Офицер в кибиточке завернул во двор Ростовых, и десятки телег с ранеными стали, по приглашениям городских жителей, заворачивать в дворы и подъезжать к подъездам домов Поварской улицы. Наташе, видимо, поправились эти, вне обычных условий жизни, отношения с новыми людьми. Она вместе с Маврой Кузминишной старалась заворотить на свой двор как можно больше раненых.
– Надо все таки папаше доложить, – сказала Мавра Кузминишна.
– Ничего, ничего, разве не все равно! На один день мы в гостиную перейдем. Можно всю нашу половину им отдать.
– Ну, уж вы, барышня, придумаете! Да хоть и в флигеля, в холостую, к нянюшке, и то спросить надо.
– Ну, я спрошу.
Наташа побежала в дом и на цыпочках вошла в полуотворенную дверь диванной, из которой пахло уксусом и гофманскими каплями.
– Вы спите, мама?
– Ах, какой сон! – сказала, пробуждаясь, только что задремавшая графиня.
– Мама, голубчик, – сказала Наташа, становясь на колени перед матерью и близко приставляя свое лицо к ее лицу. – Виновата, простите, никогда не буду, я вас разбудила. Меня Мавра Кузминишна послала, тут раненых привезли, офицеров, позволите? А им некуда деваться; я знаю, что вы позволите… – говорила она быстро, не переводя духа.
– Какие офицеры? Кого привезли? Ничего не понимаю, – сказала графиня.
Наташа засмеялась, графиня тоже слабо улыбалась.
– Я знала, что вы позволите… так я так и скажу. – И Наташа, поцеловав мать, встала и пошла к двери.
В зале она встретила отца, с дурными известиями возвратившегося домой.
– Досиделись мы! – с невольной досадой сказал граф. – И клуб закрыт, и полиция выходит.
– Папа, ничего, что я раненых пригласила в дом? – сказала ему Наташа.
– Разумеется, ничего, – рассеянно сказал граф. – Не в том дело, а теперь прошу, чтобы пустяками не заниматься, а помогать укладывать и ехать, ехать, ехать завтра… – И граф передал дворецкому и людям то же приказание.

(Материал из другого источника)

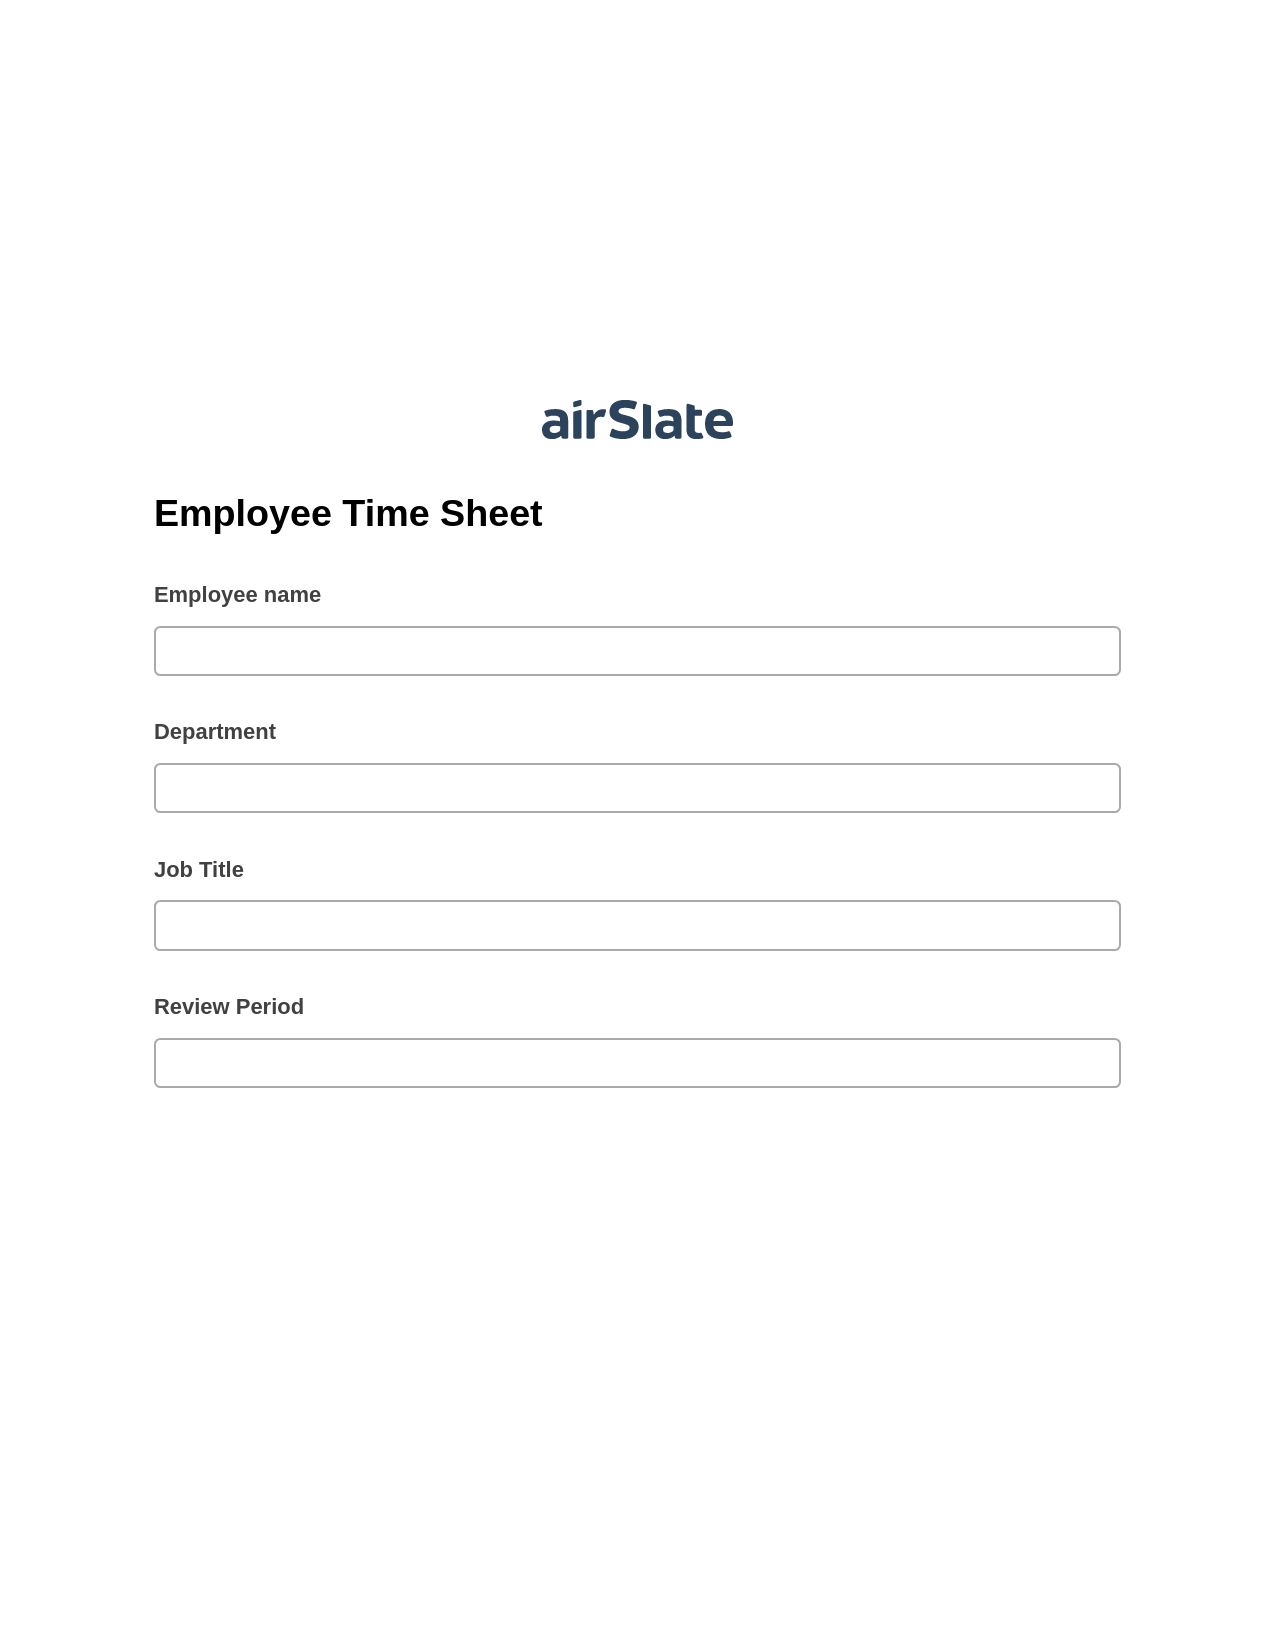 Employee Time Sheet Pre-fill from MS Dynamics 365 Records, Lock the Slate Bot, Export to WebMerge Bot

За обедом вернувшийся Петя рассказывал свои новости.
Он говорил, что нынче народ разбирал оружие в Кремле, что в афише Растопчина хотя и сказано, что он клич кликнет дня за два, но что уж сделано распоряжение наверное о том, чтобы завтра весь народ шел на Три Горы с оружием, и что там будет большое сражение.
Графиня с робким ужасом посматривала на веселое, разгоряченное лицо своего сына в то время, как он говорил это. Она знала, что ежели она скажет слово о том, что она просит Петю не ходить на это сражение (она знала, что он радуется этому предстоящему сражению), то он скажет что нибудь о мужчинах, о чести, об отечестве, – что нибудь такое бессмысленное, мужское, упрямое, против чего нельзя возражать, и дело будет испорчено, и поэтому, надеясь устроить так, чтобы уехать до этого и взять с собой Петю, как защитника и покровителя, она ничего не сказала Пете, а после обеда призвала графа и со слезами умоляла его увезти ее скорее, в эту же ночь, если возможно. С женской, невольной хитростью любви, она, до сих пор выказывавшая совершенное бесстрашие, говорила, что она умрет от страха, ежели не уедут нынче ночью. Она, не притворяясь, боялась теперь всего.